The ciliated cells (Fig. 7) have wide, clear cytoplasm; the apical zone is rounded and present cilia in certain periods of the year. When cilia were not observed, ciliated cells were identified demonstrating the presence of basal bodies with ferric hematoxiline. The nucleus is large, rounded or oval with basal or central position, basophilic and with chromatin in fine granules. The ciliated cells are intermingled with the secretory cells in all segments of the oviduct.

The secretory cells (Fig. 7), present in all segments of the oviduct, are narrower than ciliated cells, with basophilic cytoplasm and occasionally apical protrusions, which extend into the lumen and may hold the nucleus. This one is oval, generally laterally flattened, and basophilic, with basal or apical position and chromatin in dense granules.

The cells of the bottom of the folds (Fig. 6), with or without cilia, have weakly stained cytoplasm and are lower than the other cells. The nucleus is rounded, light, and central, with chromatin in fine granules.

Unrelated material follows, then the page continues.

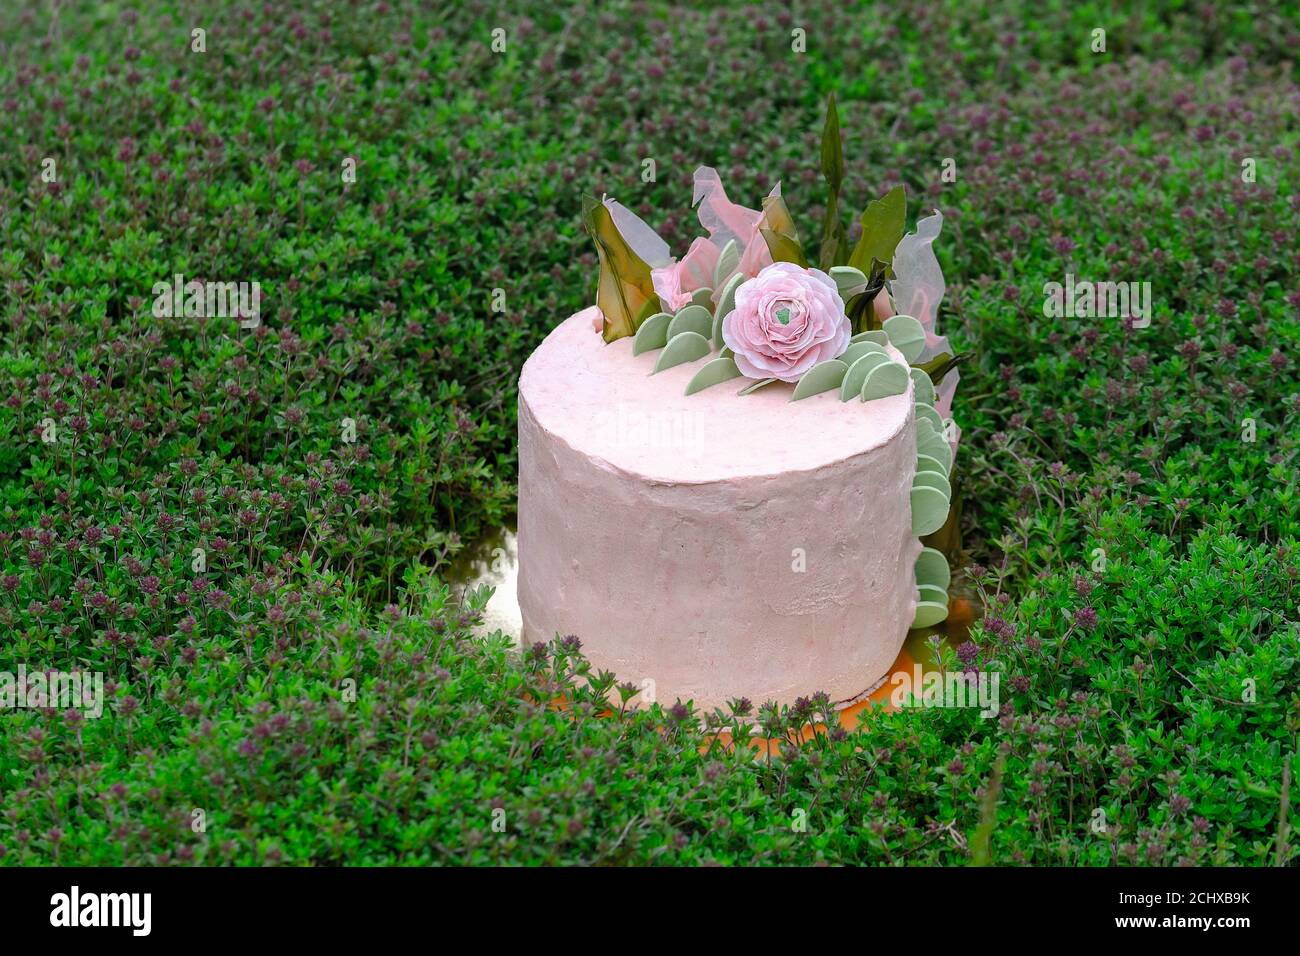 A very tasty healthy wonderful vegan tart without animal fat, covered with a rose-colored cream and decorated with a pink rose and green leaves. Stock Photo

The muscular layer composed of smooth muscle fibbers, thickens progressively towards the uterus. In the ampulla it is difficult to discern the arrangement of the fibbers, although an inner circular layer and an outer longitudinal one predominate, fundamentally in the proximal portion. In the isthmus there is a wide circular coat. The utero-tubal junction, included in the wall of the uterus, has no own muscular layer. The serosa is composed of a simple squamous epithelium overlying a thin loose connective tissue layer.

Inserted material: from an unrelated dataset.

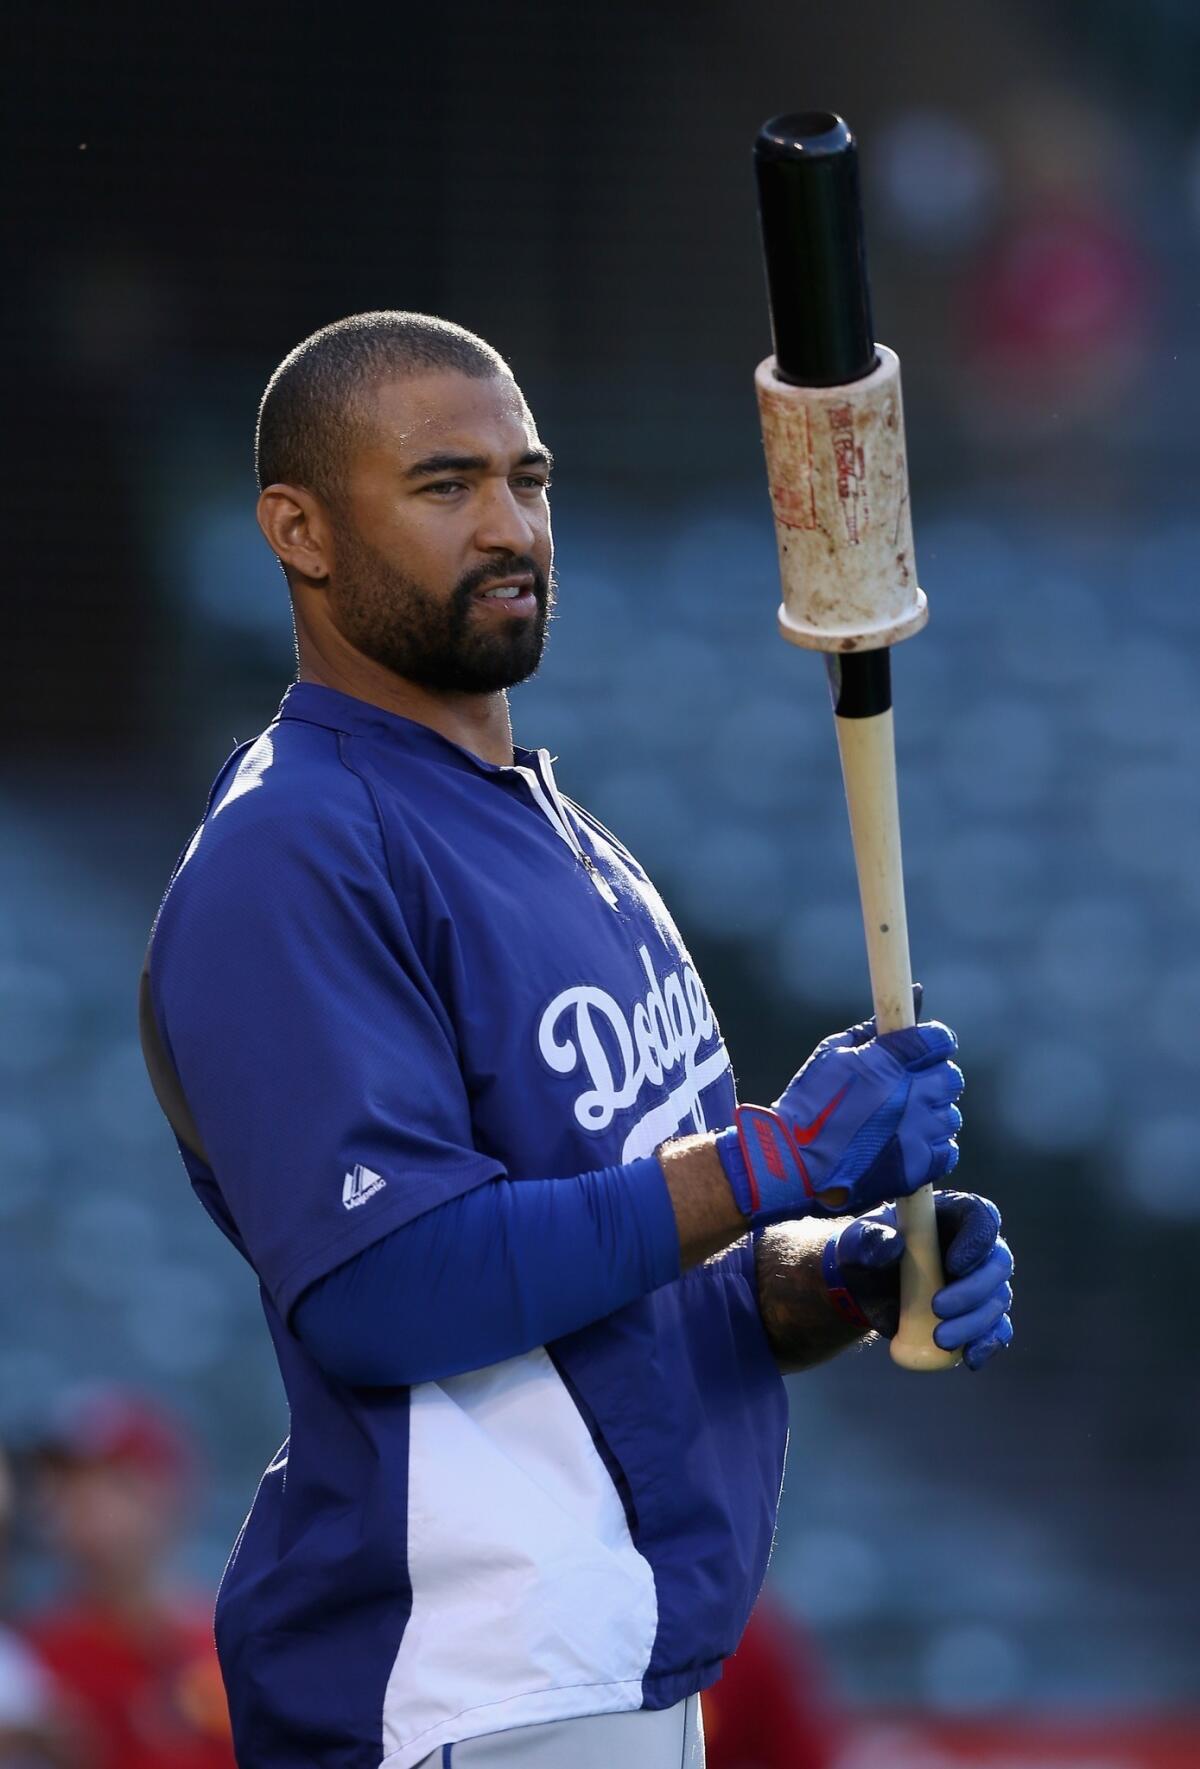 Dodgers center fielder Matt Kemp probably will not play in this week's series against the Toronto Blue Jays.

Concerning the presence and abundance of ciliated and secretory cells in the different segments of the oviduct, marked cyclic changes related with the period of the year were observed. In the fimbriae (Fig. 8) there are secretory cells and ciliated cells all over the year, nevertheless in ciliated cells cilia were never observed; secretory cells are the most abundant kind of cells and may have cytoplasmic protrusions, especially from the end of winter to the middle of spring. In the ampulla, ciliated cells, secretory cells and cells of the bottom of the folds compose the epithelium (Fig. 6). From the end of winter to the middle of spring, ciliated cells are more abundant, having numerous cilia, and secretory cells present cytoplasmic protrusions (Fig.7); during the rest of the year ciliated cells have no cilia and secretory cells predominate, having no protrusions (Fig. 6); the cells of the bottom of the folds have cilia from the end of winter to the end of spring. In the isthmus, the epithelium is taller than in the other portions of the oviduct and is made up of the same kinds of cells described for the ampulla; ciliated cells are more abundant than secretory cells during all the year and they present cilia only from the end of winter to the middle of spring (Fig. 9); secretory cells have no apical cytoplasmatic protrusions and cells of the bottom of the folds have cilia from the end of winter to the middle of autumn (Figs. 9, 10). In the utero-tubal junction secretory cells, without apical protrusions, predominate during all the year (Figs. 11, 12). Cells of the bottom of the folds have no cilia and ciliated cells have cilia only from the end of winter to the middle of spring (Fig. 12).

Fig. 8. Section of the fimbriae showing the epithelium with ciliated cells (c) without cilia in June. Secretory cells (s) are the most abundant kind of cells. Masson. Scale bar = 20 µm.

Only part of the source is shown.